If you would like your Monster of Piedras Blancas to come to life, contact Steve. I am trying to get his email address and will edit it in later. If you need to know now, PM me and I will get back to you ASAP









Note that thumb claw, straight into the neck. EE-ewwwww!!!


----------



## Mitchellmania (Feb 14, 2002)

*****


----------



## Facto2 (Nov 16, 2010)

David, that was just a fantastic review (not that I’m biased or anything). Really cool info and well written. The clip from Flipper was just off the hook. Who knew?

I think Joe and Mike deserve all the nice things you said about them. I don’t think they come here much but I'm sure they'll see it on another board.

Again, fantastic job!!! It amazes me how much time and effort you put into these. You are a fan's fan. :thumbsup:


----------



## gomontoya (Apr 3, 2004)

Mitchellmania said:


> Is this spam, too?


Like acid off a duck's back.  (with thanks to Far Side cartoonist Gary Larson)

Not sure if I have posted inappropriately or something, but hopefully someone will tell me if I have done the wrong thing.

I rarely have time to build a kit let alone paint it, so reviewing kits which I have purchased, is my way of contributing to the hobby


----------



## Just Plain Al (Sep 7, 1999)

gomontoya you have done nothing wrong (except follow the wrong driver  )

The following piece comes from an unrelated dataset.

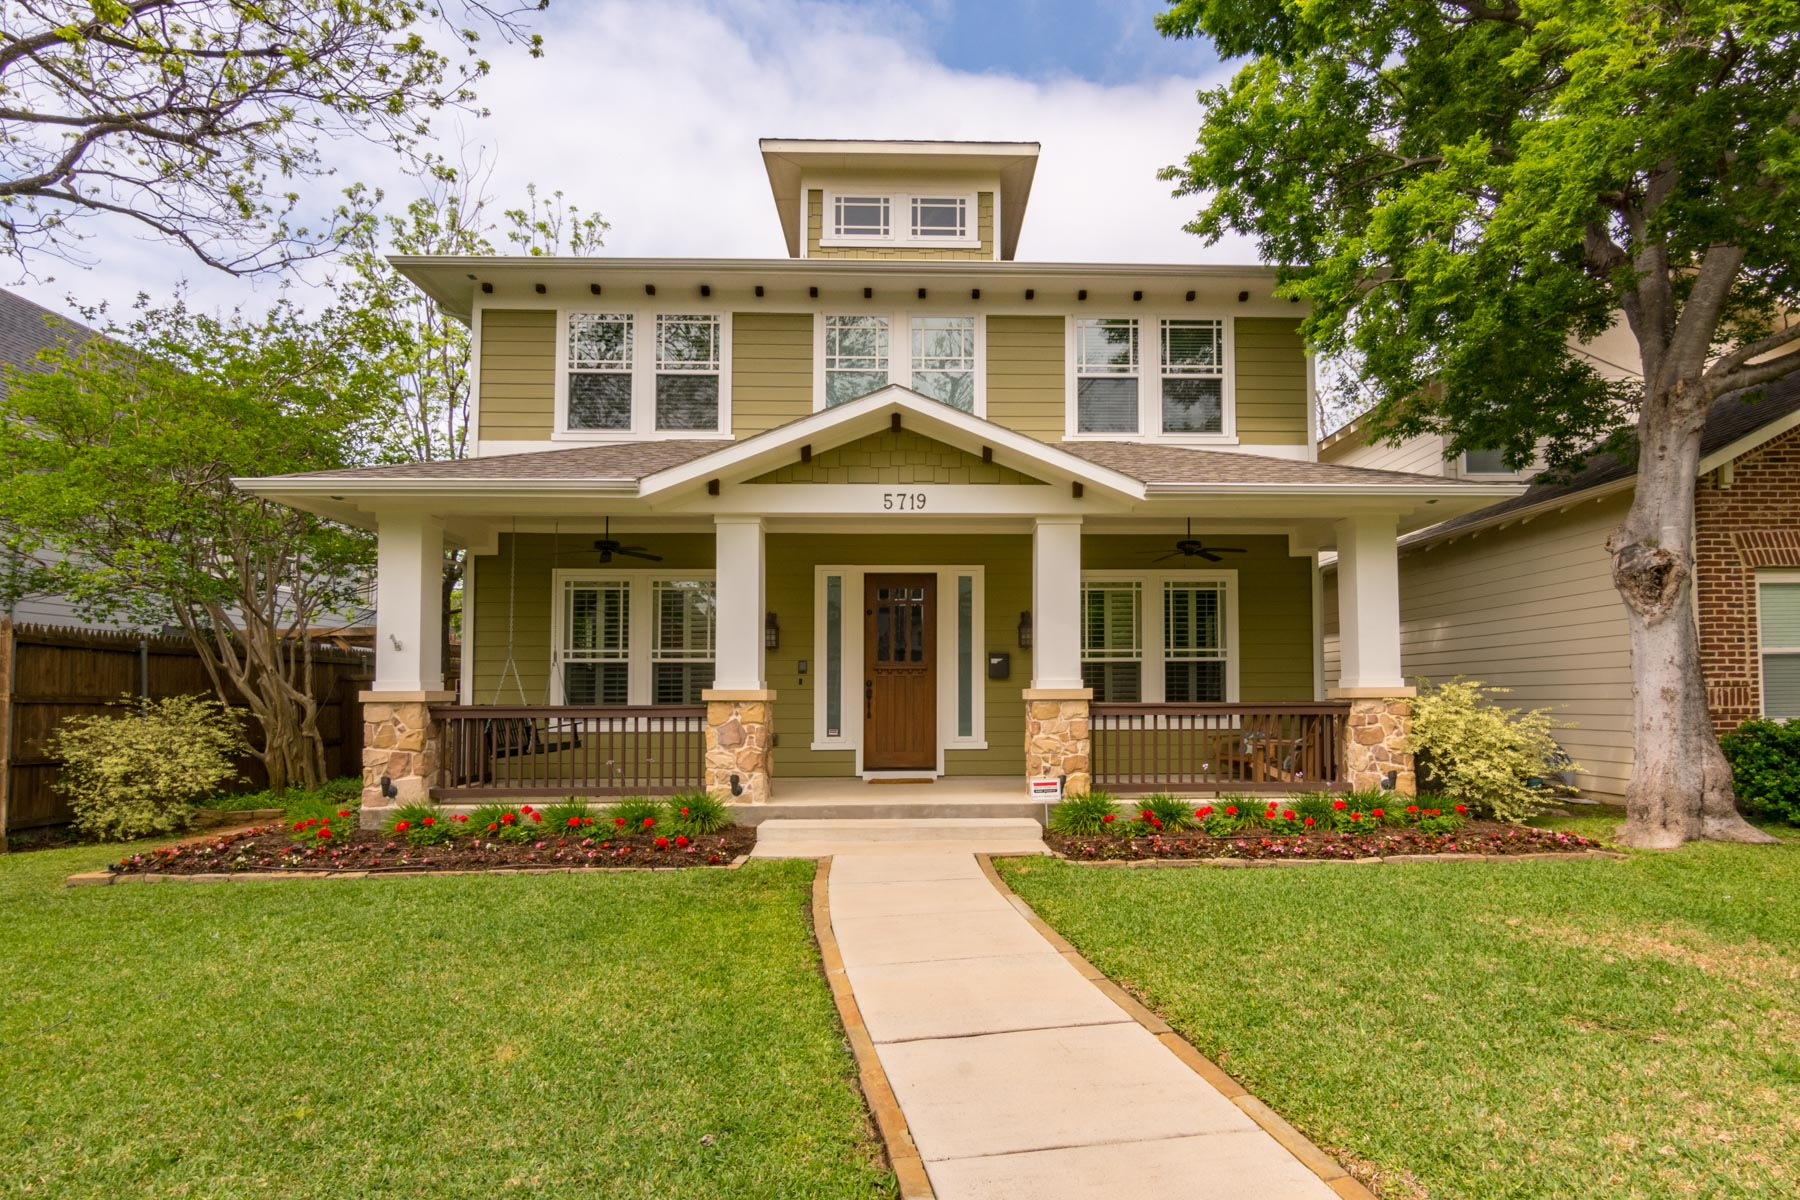 独户住宅 为 销售 在 Beautiful Craftsman Style Home 5719 Llano Ave 达拉斯, 得克萨斯州, 75206 美国

Nice informative review, good clear pictures, and it's in the correct forum. 

Thank You.


----------



## bizzarobrian (Oct 4, 2009)

Weren`t parts of the monster made from other monster suits.The feet of the Metaluna Mutant & the hands of one of the Mole People?


----------



## Facto2 (Nov 16, 2010)

bizzarobrian said:


> Weren`t parts of the monster made from other monster suits.The feet of the Metaluna Mutant & the hands of one of the Mole People?


 That would be correct.


----------



## Facto2 (Nov 16, 2010)

gomontoya said:


> Like acid off a duck's back.  (with thanks to Far Side cartoonist Gary Larson) Not sure if I have posted inappropriately or something, but hopefully someone will tell me if I have done the wrong thing. I rarely have time to build a kit let alone paint it, so reviewing kits which I have purchased, is my way of contributing to the hobby


 David, you didn't do anything wrong. You reviewed a kit. Simple as that Ignore the guy running his personal agenda. That particular post was really meant to piss me off. You just got caught in the fallout. I just choose to ignore him.


----------



## Todd P. (Apr 12, 2007)

David's reviews are wonderful reading and viewing, way better entertainment than anything the networks show these days. As far as I know he does them on his own time, and without payment. He's a hobbyist sharing what he likes; he has nothing to do with producing the kit and he doesn't profit from sales. I also know from my few dealings with him that he's a decent fellow. What a shame to see his effort treated so rudely.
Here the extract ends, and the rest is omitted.